*** Begin section ***

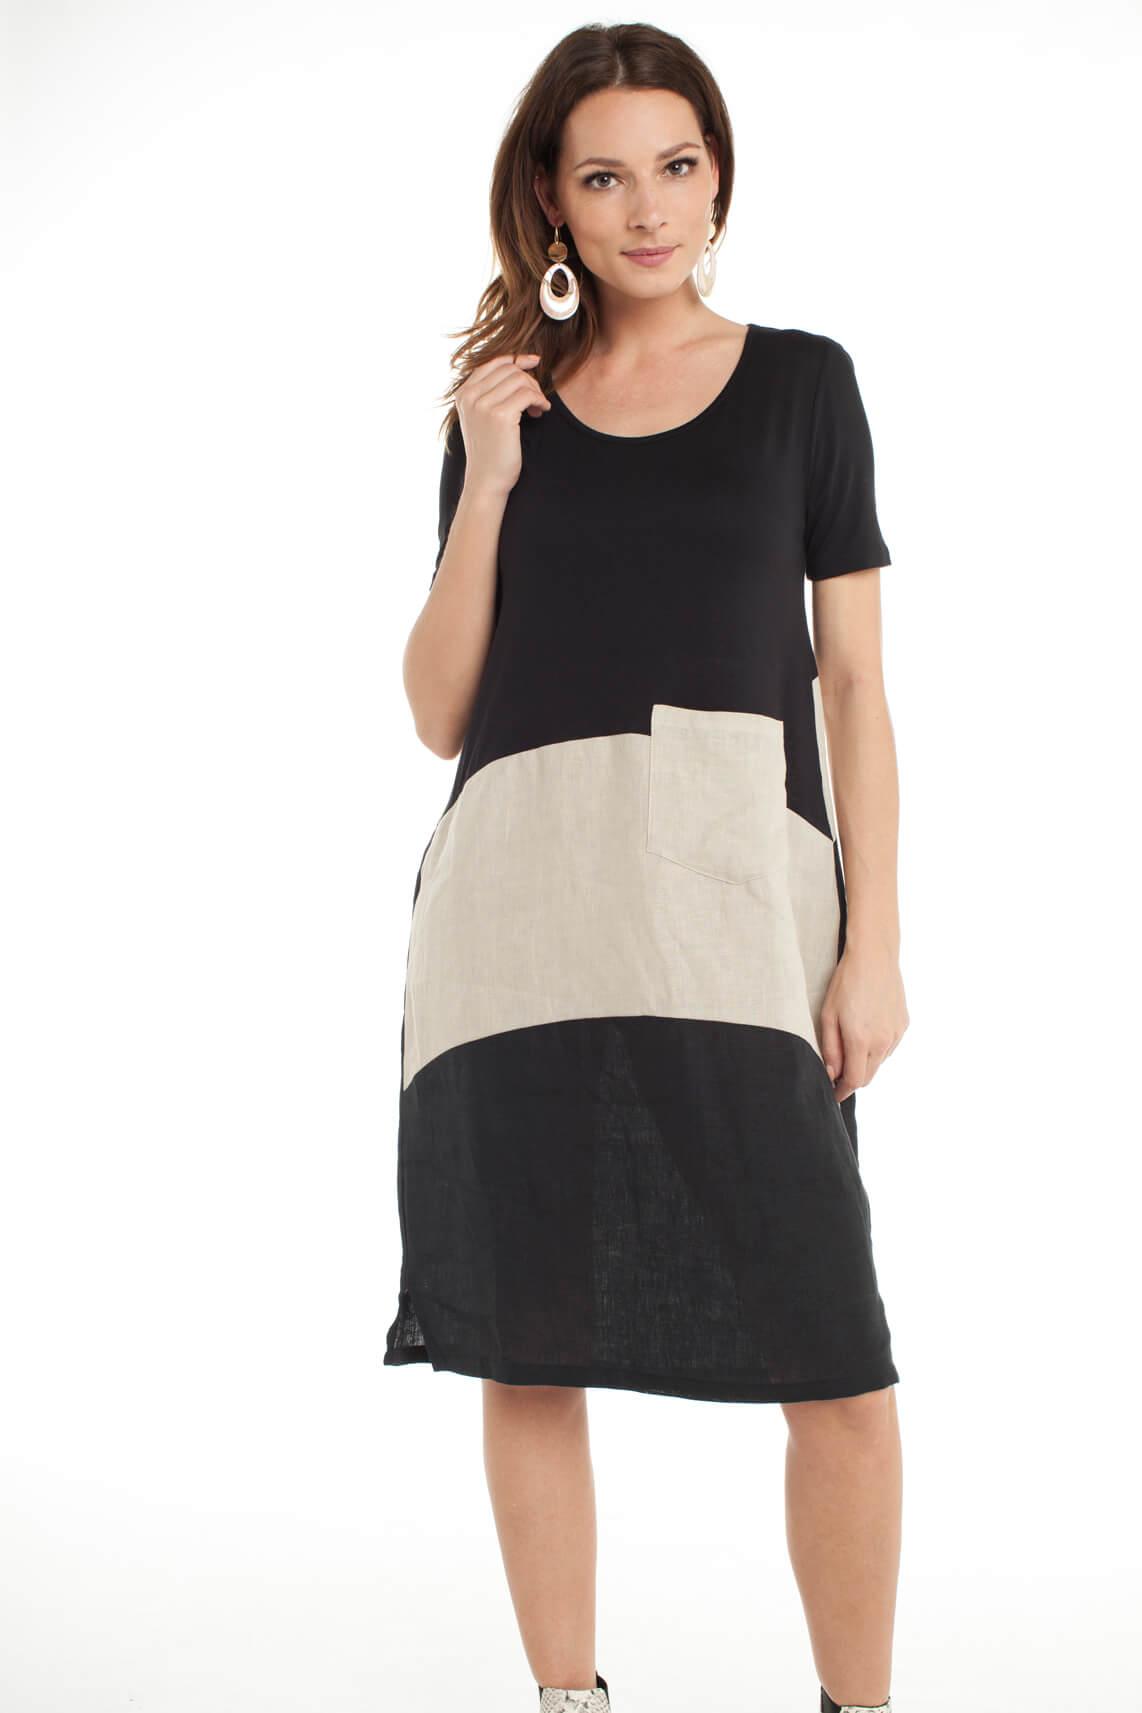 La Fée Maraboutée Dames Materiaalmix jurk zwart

*** End section ***
*** Begin section ***

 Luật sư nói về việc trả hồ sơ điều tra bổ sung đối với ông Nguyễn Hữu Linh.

*** End section ***
*** Begin section ***

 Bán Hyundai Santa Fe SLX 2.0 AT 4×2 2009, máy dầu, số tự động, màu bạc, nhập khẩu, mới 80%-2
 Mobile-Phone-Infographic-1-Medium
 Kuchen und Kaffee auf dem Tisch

*** End section ***

● WHAT YOU SHOULD DO:
Please give again the lines above between the line holding "Bán Hyundai Santa" and the line holding "Kuchen und Kaffee auf dem Tisch", inclusive, exactly as they are and with nothing added.

● ANSWER AREA:
 Bán Hyundai Santa Fe SLX 2.0 AT 4×2 2009, máy dầu, số tự động, màu bạc, nhập khẩu, mới 80%-2
 Mobile-Phone-Infographic-1-Medium
 Kuchen und Kaffee auf dem Tisch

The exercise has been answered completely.